Johnson told The Daily Beast: “It’s fantastic. I love Dior, and Rihanna is very much one of my style icons. I’m happy they got there in the end.”

The International Business Times reported that Rihanna would also become the face of the “J’adore Dior” campaign, replacing Charlize Theron. Rihanna has apparently been filmed for the campaign in a sparkly silver sequin dress in Versailles’s Hall of Mirrors.

“I adore her style,” Johnson said of Rihanna. “She loves fashion, she’s unafraid. She uses her imagination, which is something we should all strive to do.”

The Dior appointment continues a successful March for the singer. Rihanna was last week named the most streamed female artist in the world.

But given it is 2015, what does Rihanna’s appointment say about fashion’s own evolution? There are still far fewer models of color than white on the runway during Fashion Weeks, and the presence of black models on the cover of fashion magazines—or lack of them—is still a cause for comment over 40 years after Johnson’s historic Vogue cover.

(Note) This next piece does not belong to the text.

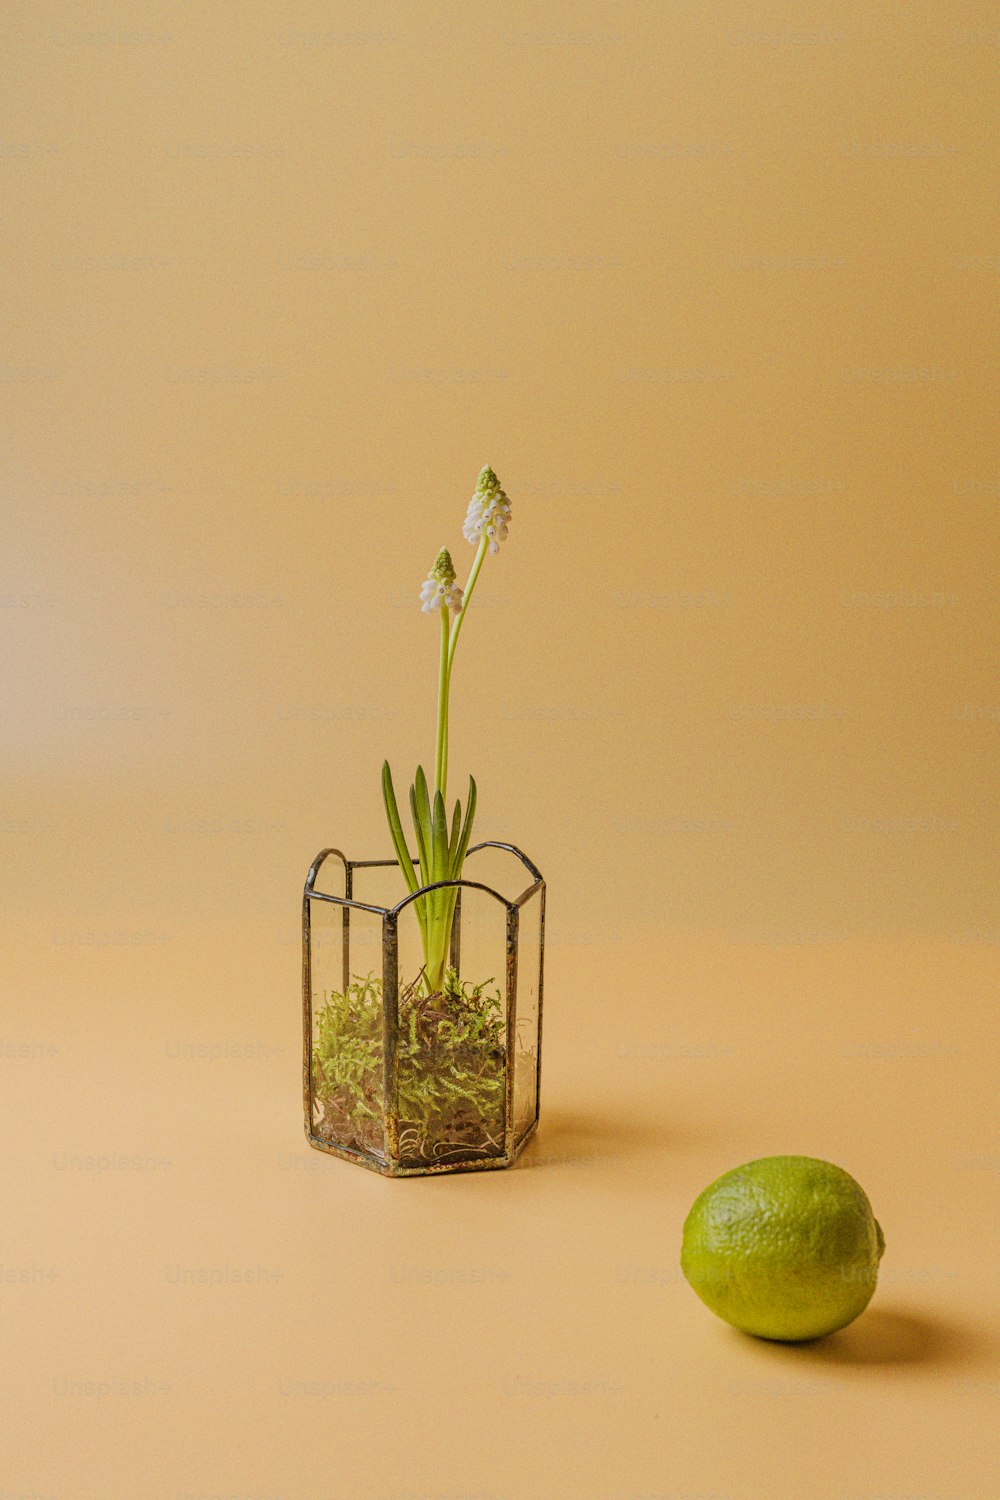 Un pequeño jarrón de vidrio con una planta junto a una lima

It was, sadly, “news” that Jourdan Dunn became—in February—the first solo black model to feature on the cover of British Vogue in 12 years.

When I interviewed Chanel Iman for the London Times two years ago, I asked if she had experienced racism. Iman, who at 16 was the youngest model to appear on the cover of American Vogue and only the third black model ever to have done so, told me: “Yeah, most definitely. A few times I got excused by designers who told me, ‘We already found one black girl. We don’t need you any more.’ I felt very discouraged. When someone tells you, ‘We don’t want you because we already have one of your kind,’ it’s really sad.”

For the same article, Bethann Hardison, a former model who has been lobbying the industry on race-related issues, told me: “Things are improving. We have gone from no ethnic minority models in shows to ‘one.’ We need to get past ‘one’ to more. There’s a greater consciousness of Asia and China, so we see more of those faces now. There needs to be a permanency [about] using black models. You still see all-white shows in Europe and New York…And don’t give us an all-black catwalk show. It doesn’t help us; it just puts us into a category.”

Real progress will be measured when the catwalks, covers, and clothing ambassador appointments, like Rihanna’s for Dior, cease being tokenistic, and when black models are featured on an equal footing and presence with their white counterparts—and, on magazine covers, without their skin being lightened.

“Unfortunately racism is still part of the conversation, and fashion is no different than any other industry,” Johnson told The Daily Beast. “It has to change if you’re going to move forward. You don’t want to move backward. We live in a diverse world. If you’re not participating at that level, you’re not part of the world. People need to see people as people.”

As for the pace of change, Johnson said, “Change is hard. As one generation moves out, another moves in—new ideas, new blood. It’s the way the world works.”